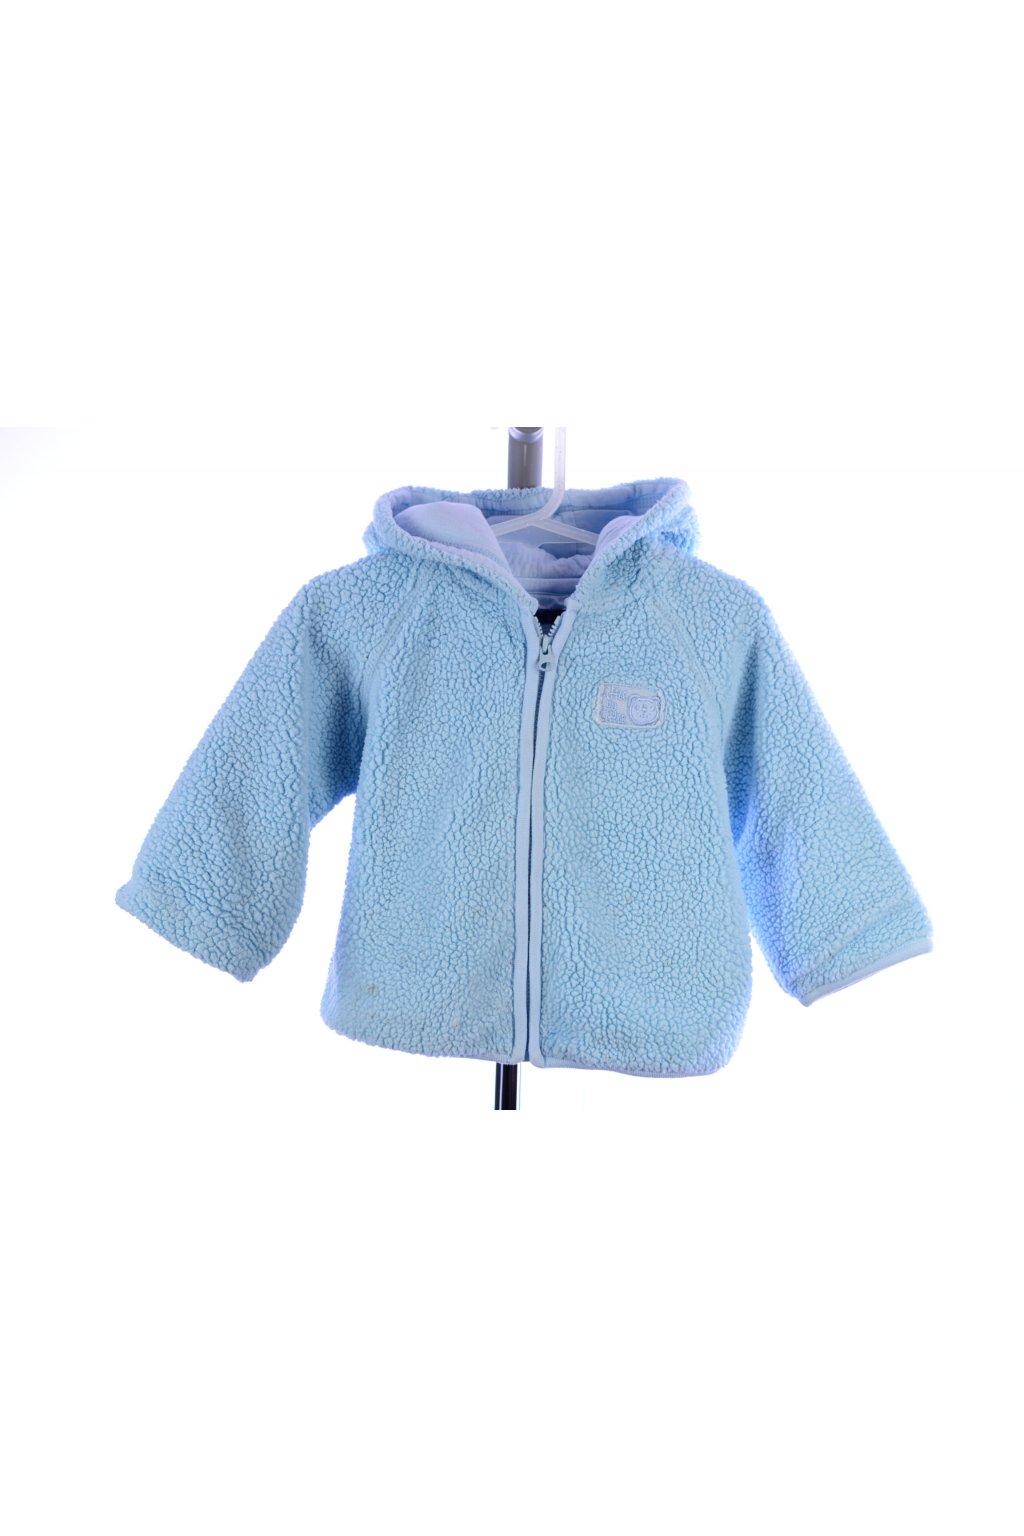 Bunda kabátek vel 86 modrý česaný flís
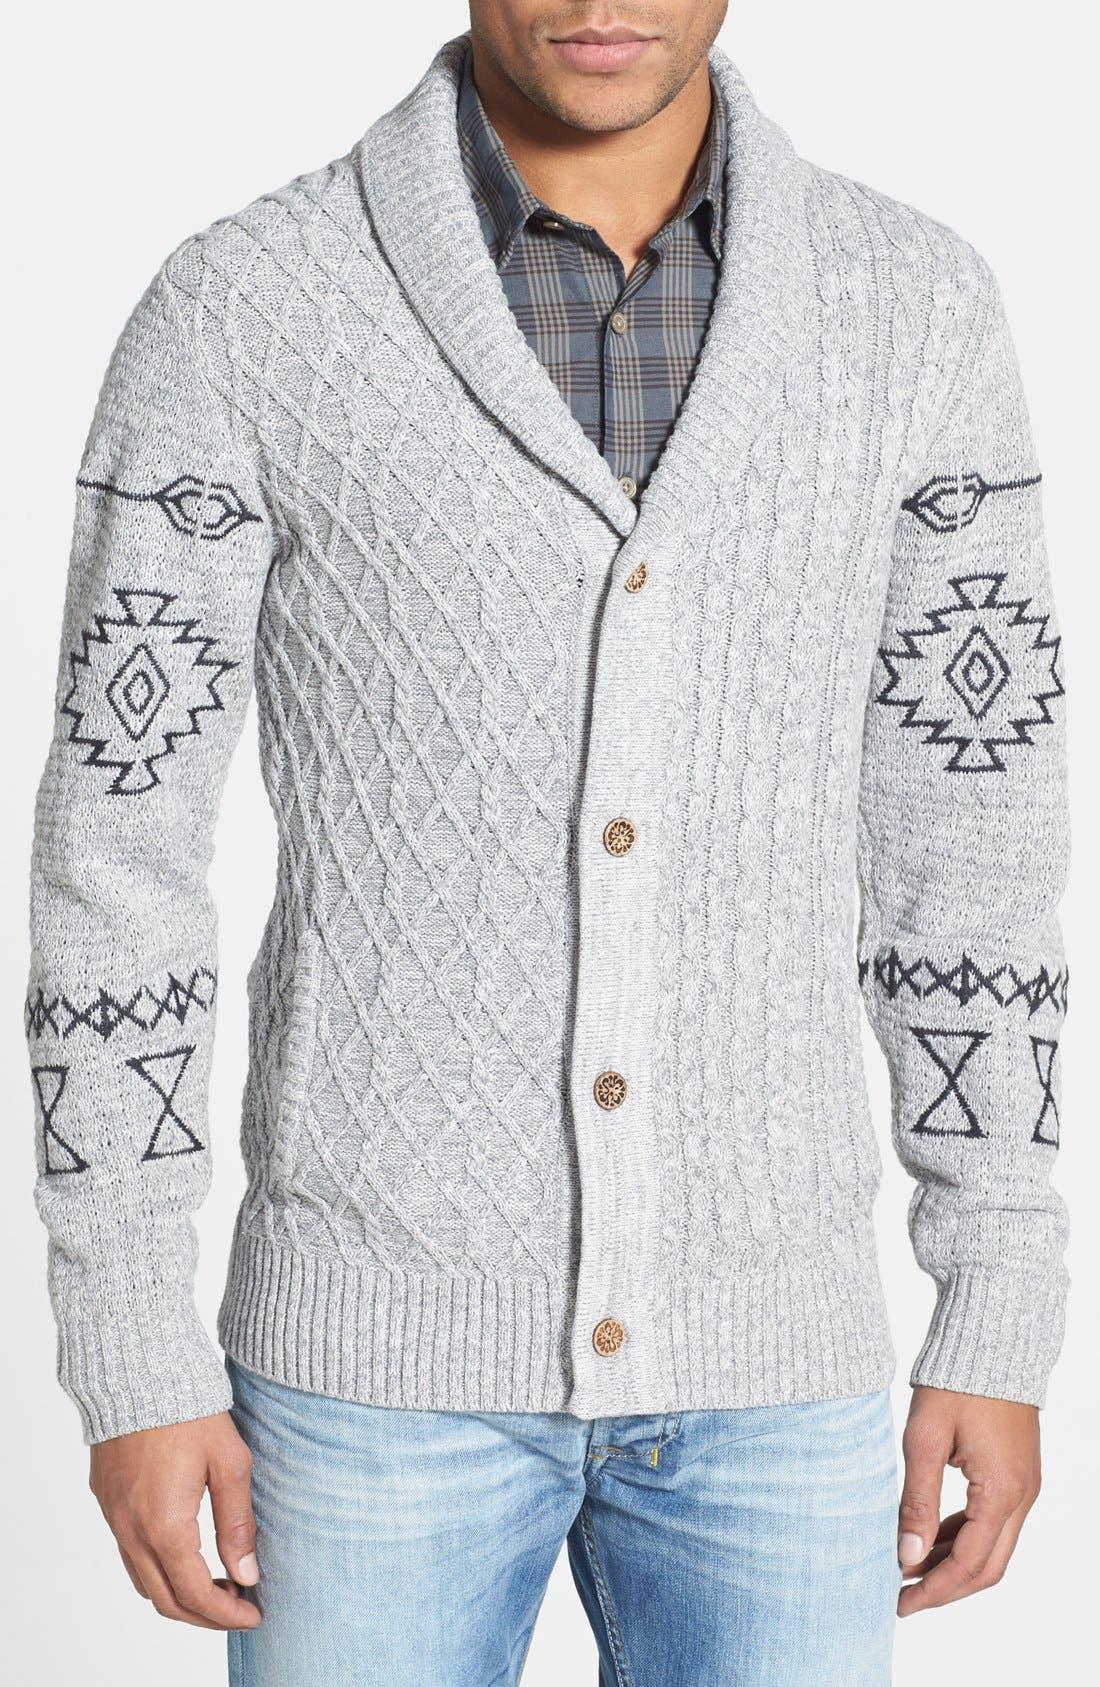 Main Image - ZANEROBE 'Sloan' Cable Knit Shawl Cardigan
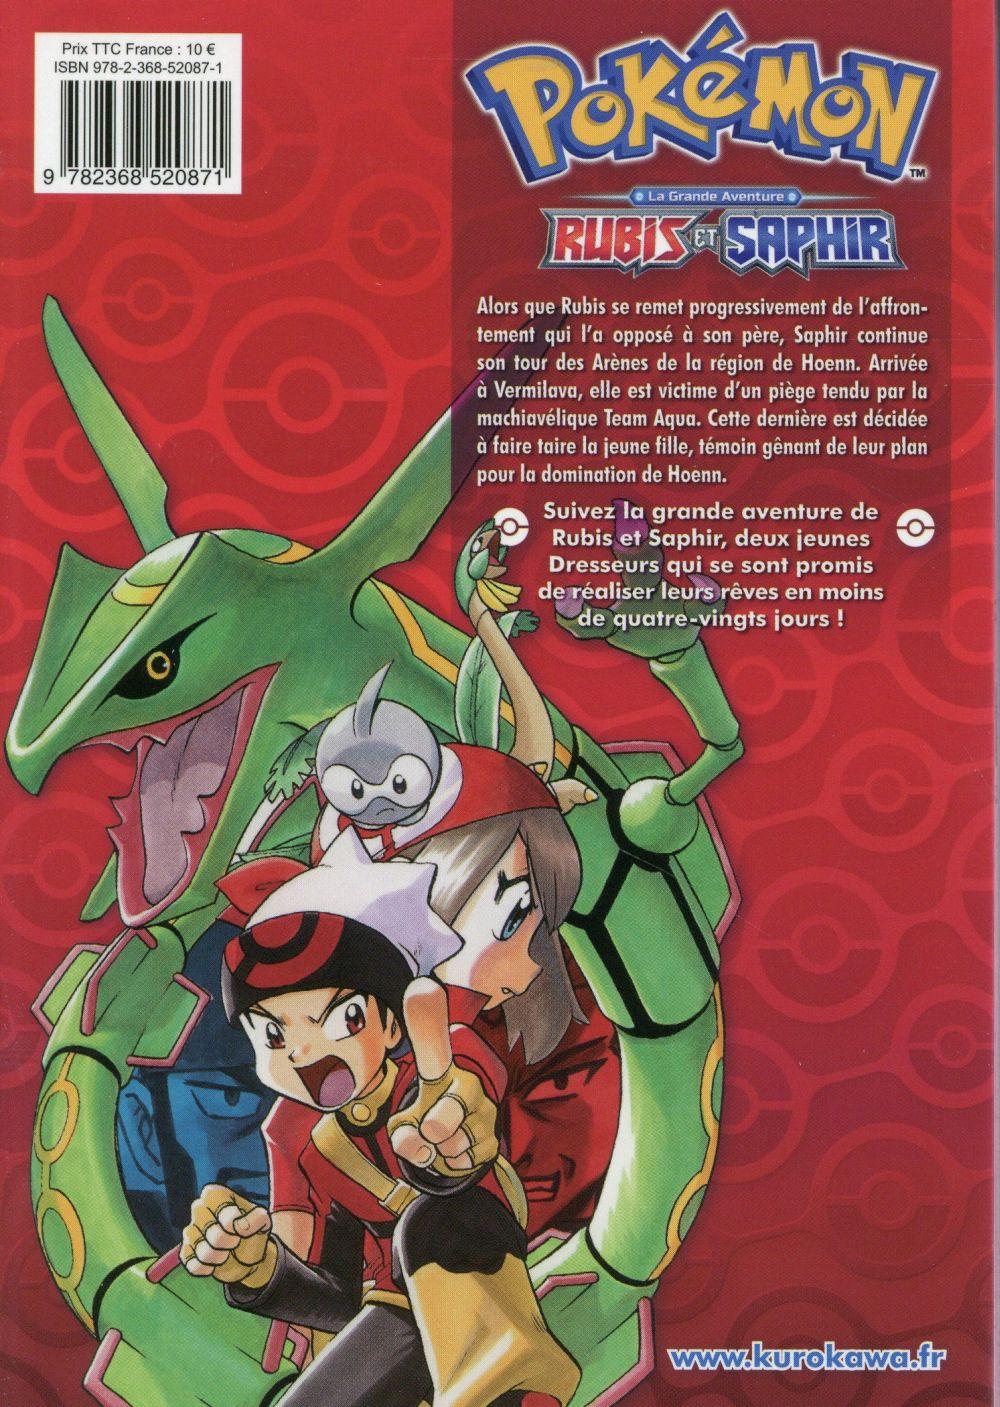 Pokémon ; la grande aventure - Rubis et Saphir t.2
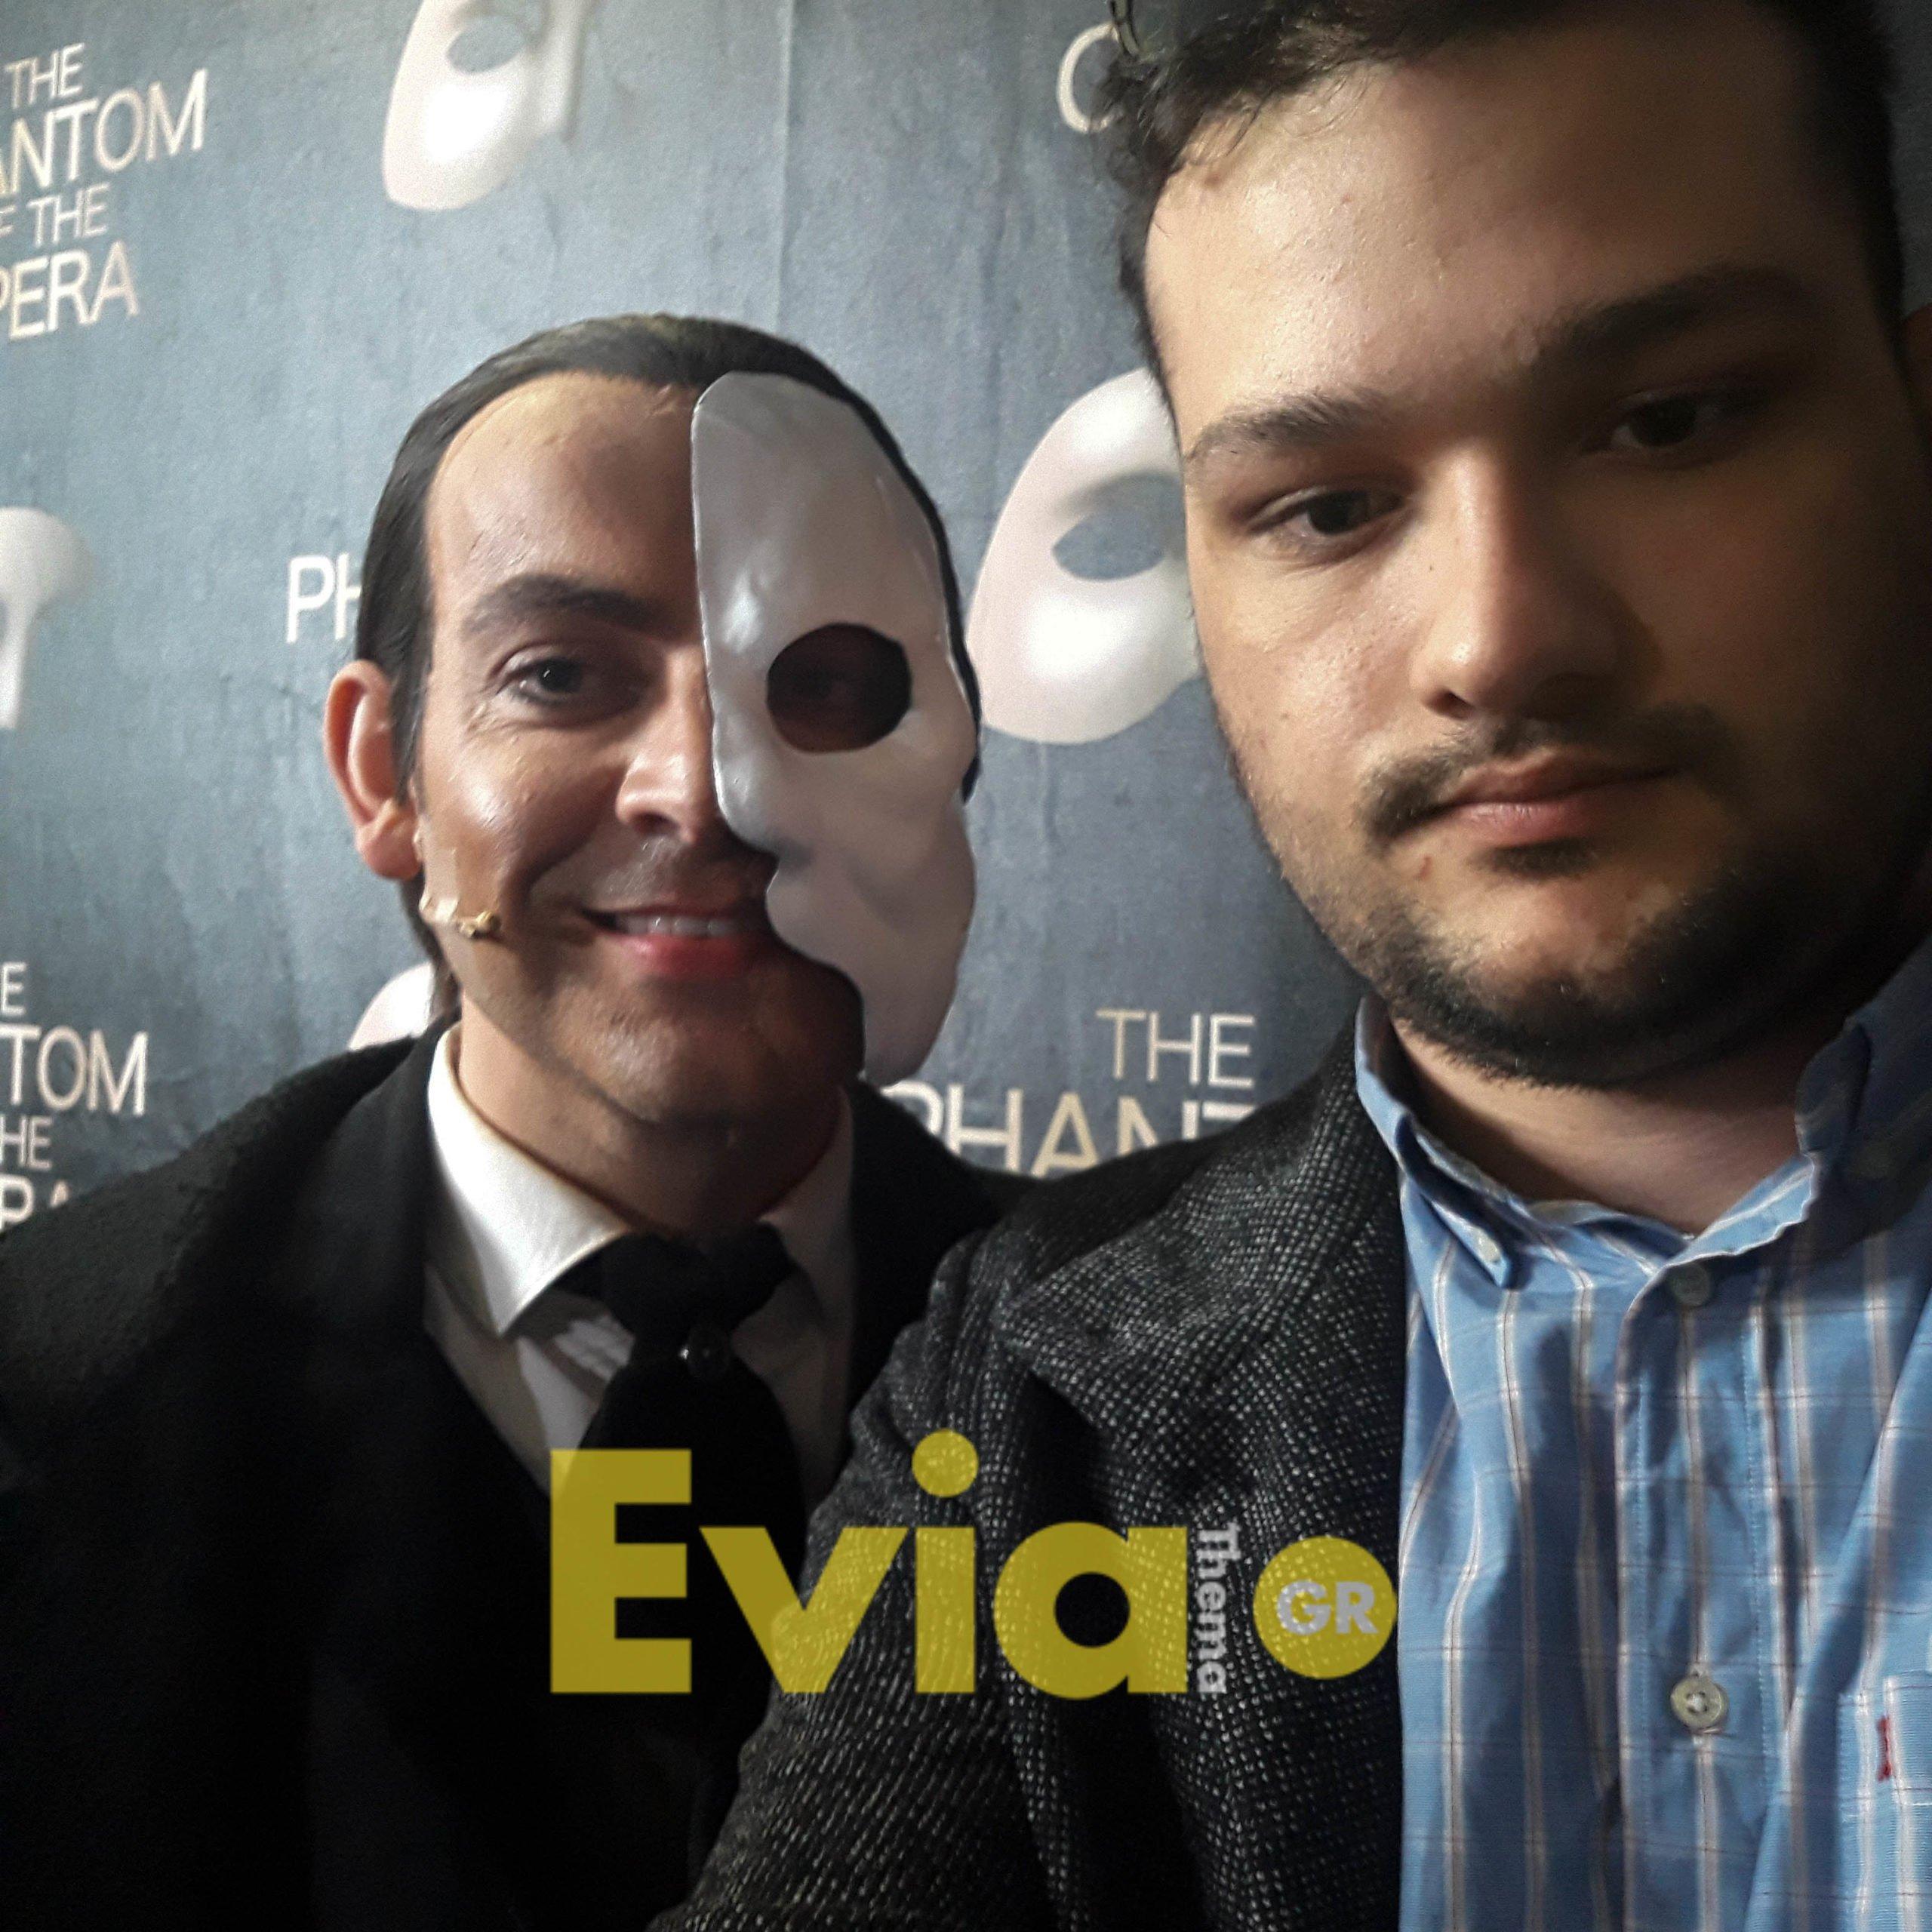 "phantom of the opera ""Phantom of the Opera"" στο Christmas Theater: Ένα εκθαμβωτικό musical (Δηλώσεις-Φωτογραφίες-Βίντεο) IMG 20200223 181539 946 scaled"

━━━━━━━━━━

EXERCISE DIRECTIONS: Each line above should be returned exactly as it stands, minus any pictures.

ANSWER TO THIS TASK:
 Bunda kabátek vel 86 modrý česaný flís
 Main Image - ZANEROBE 'Sloan' Cable Knit Shawl Cardigan
 Pokémon ; la grande aventure - Rubis et Saphir t.2
 "phantom of the opera ""Phantom of the Opera"" στο Christmas Theater: Ένα εκθαμβωτικό musical (Δηλώσεις-Φωτογραφίες-Βίντεο) IMG 20200223 181539 946 scaled"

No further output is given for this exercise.